Every line between the one containing "نمایشگاه ایران کمیکال - تاوا سلامت پاد" and the last line of the data, both included, is to be set down exactly, and pictures are to be omitted.

# Recorded data

------------------------------

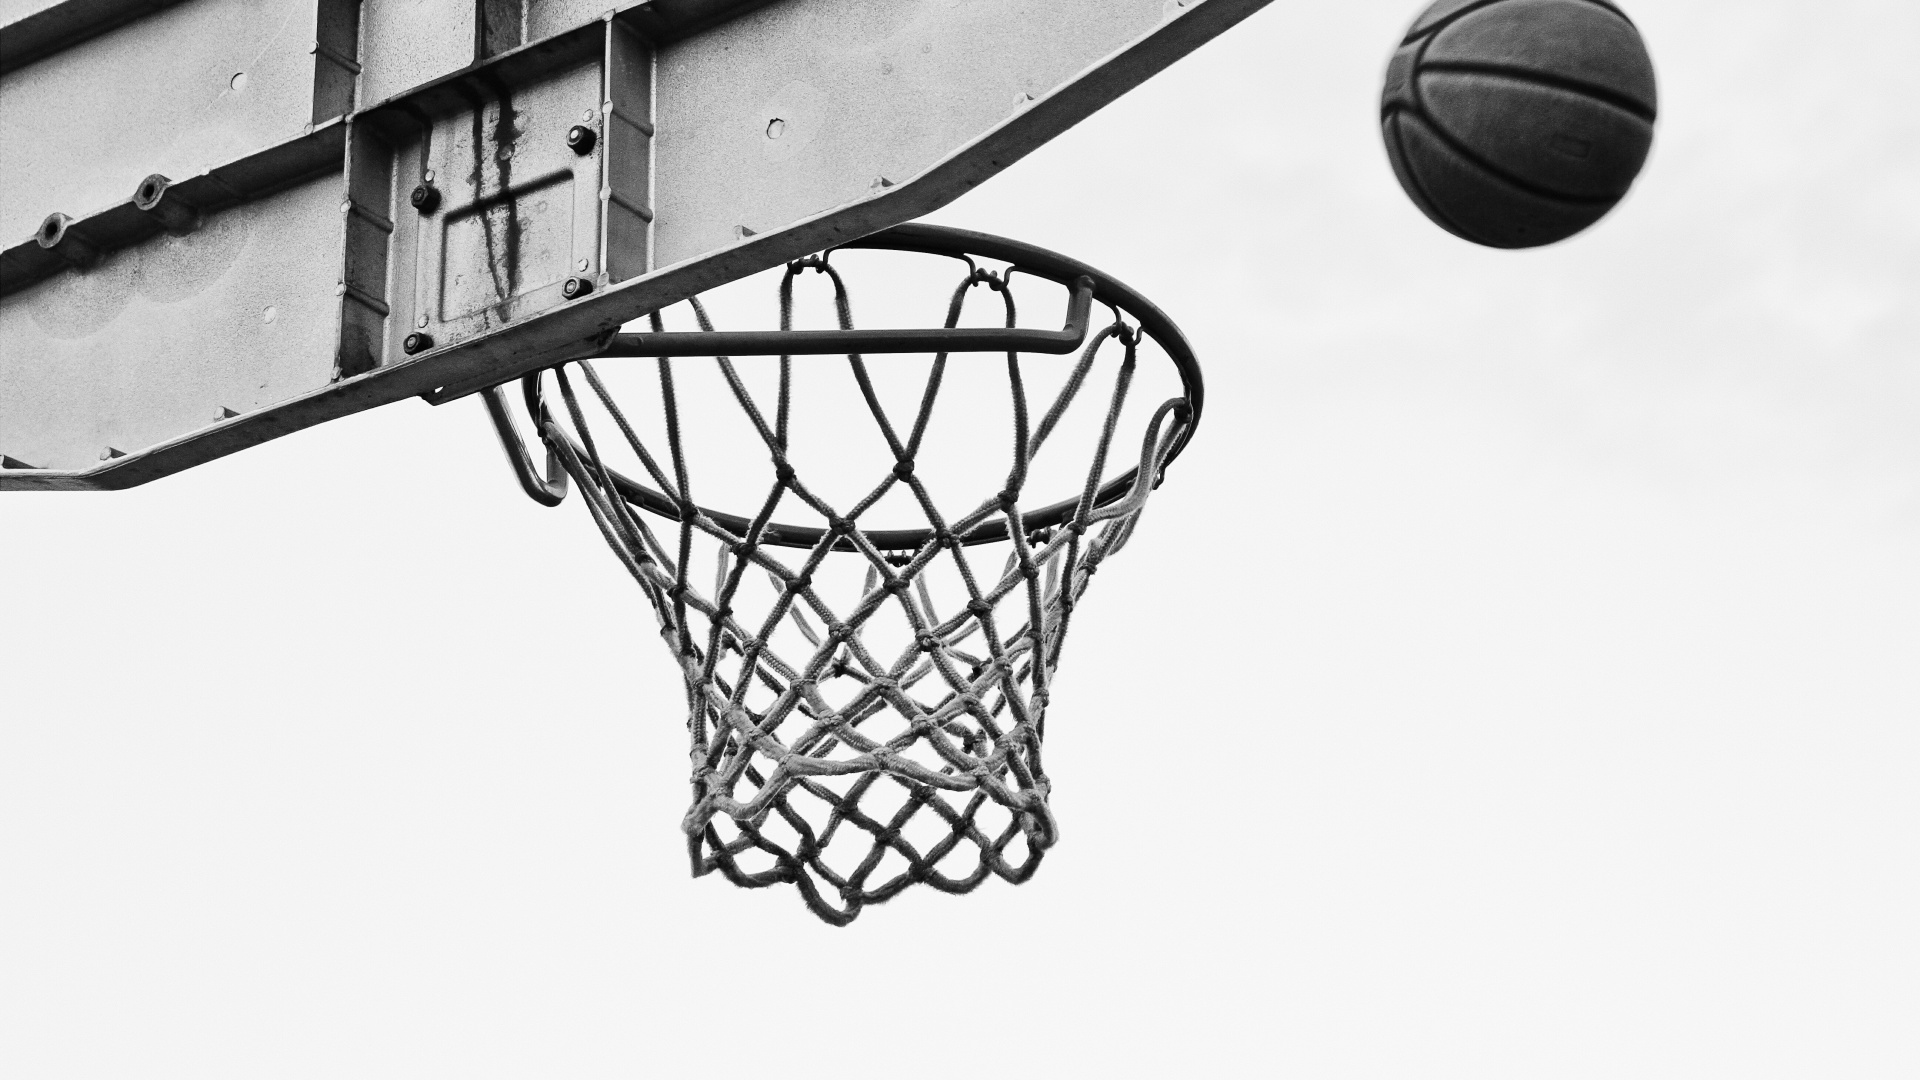 篮球, 篮板, 篮球场, 街头, 团队运动 壁纸 1920x1080 允许
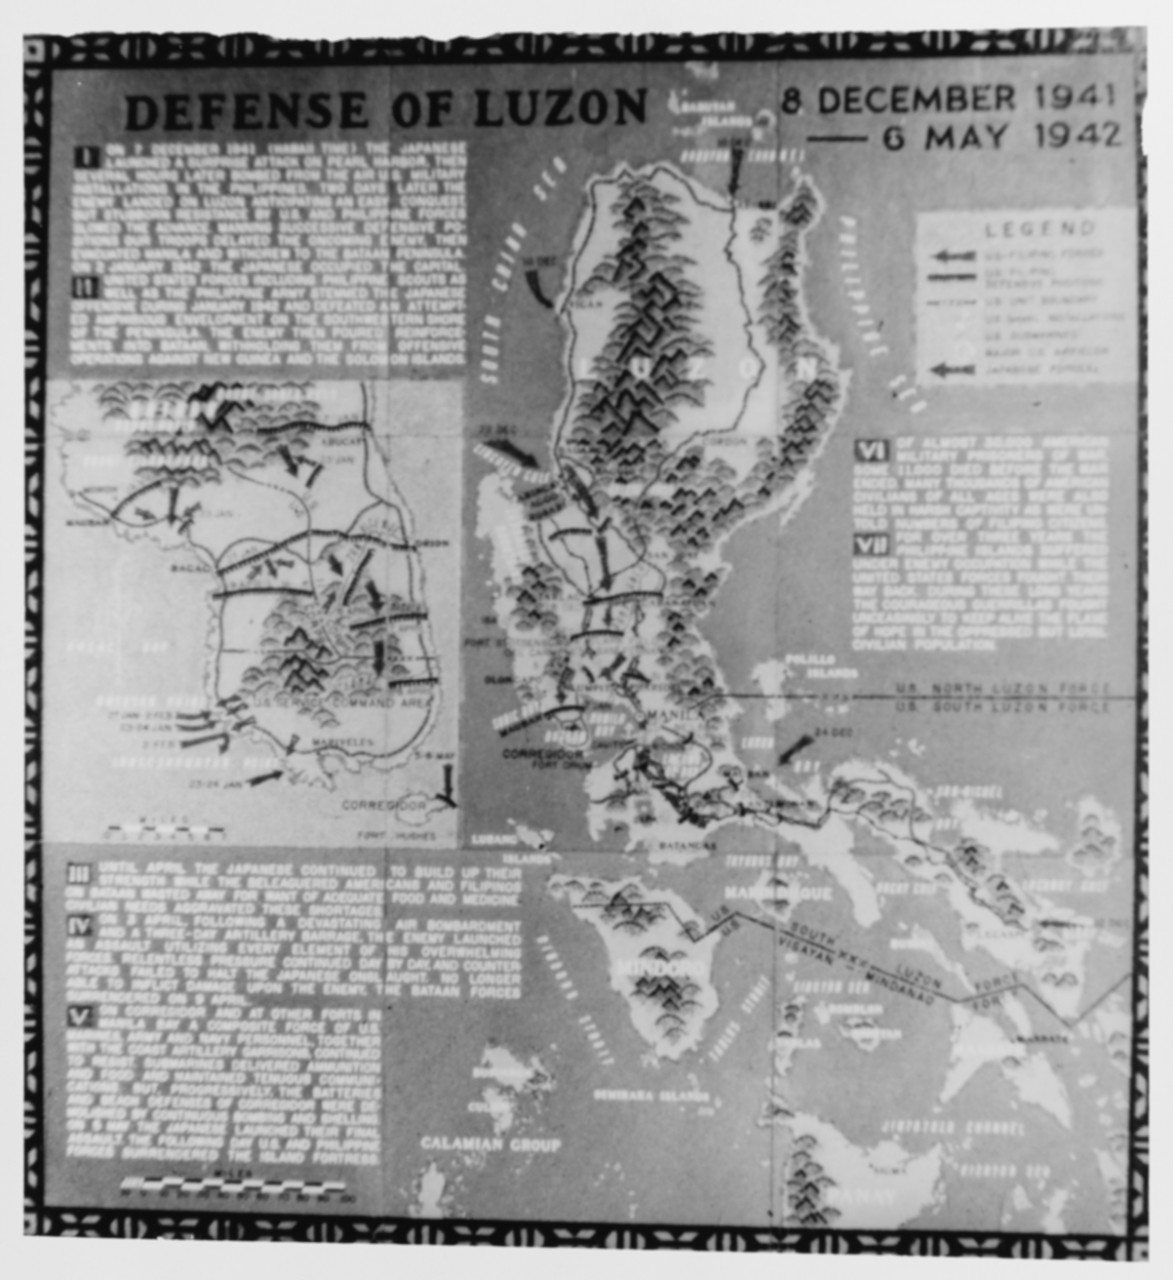 Defense of Luzon -- World War II Battle Chart 8 December 1941 - 6 May 1942
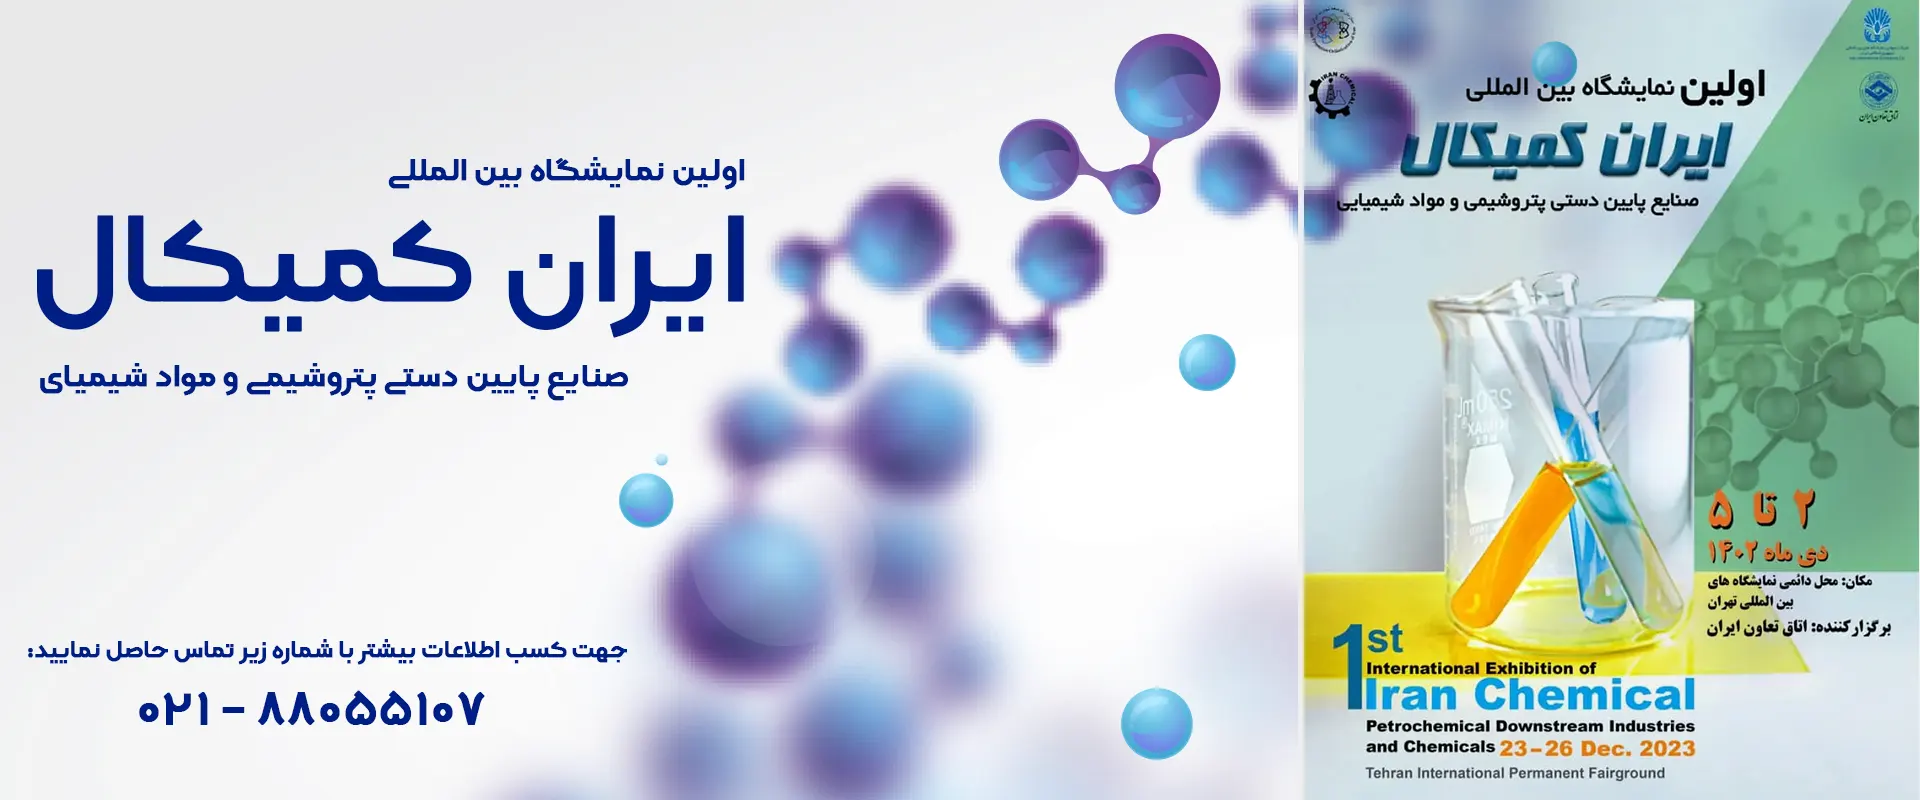 نمایشگاه ایران کمیکال - تاوا سلامت پاد
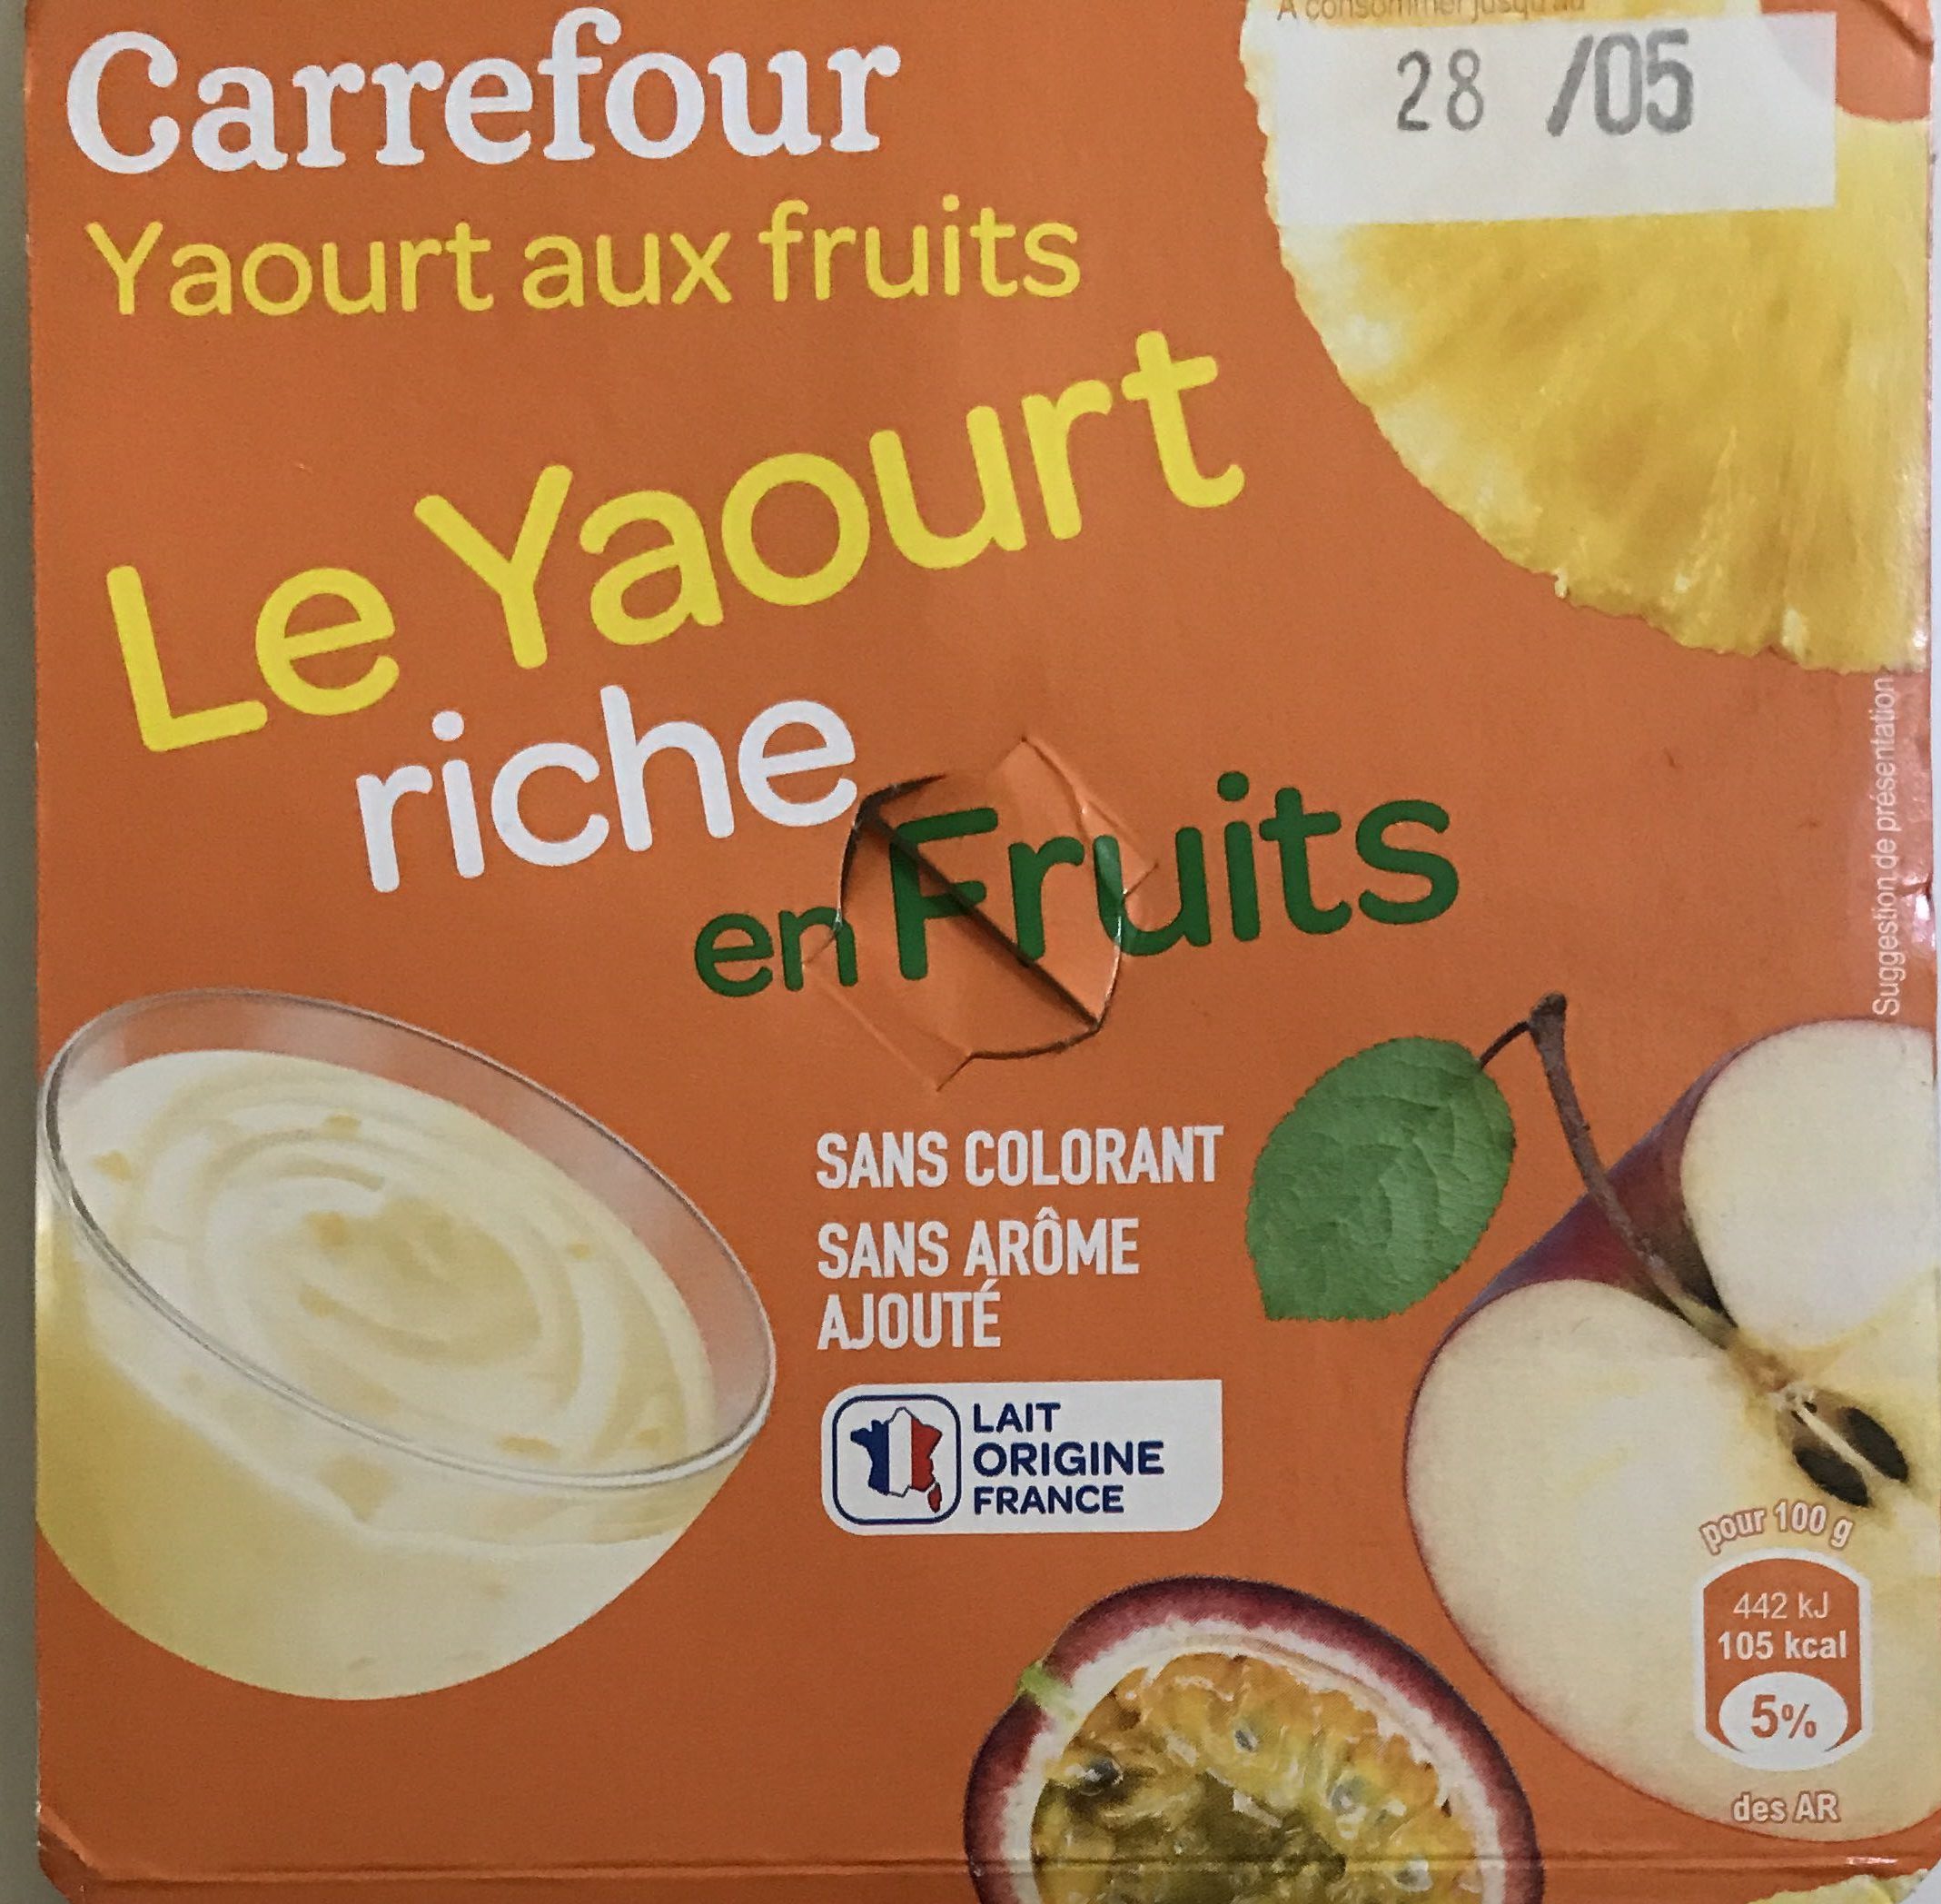 Le Yaourt riche en fruits - Product - fr

------------------------------

# Exercise output
 نمایشگاه ایران کمیکال - تاوا سلامت پاد
 Le Yaourt riche en fruits - Product - fr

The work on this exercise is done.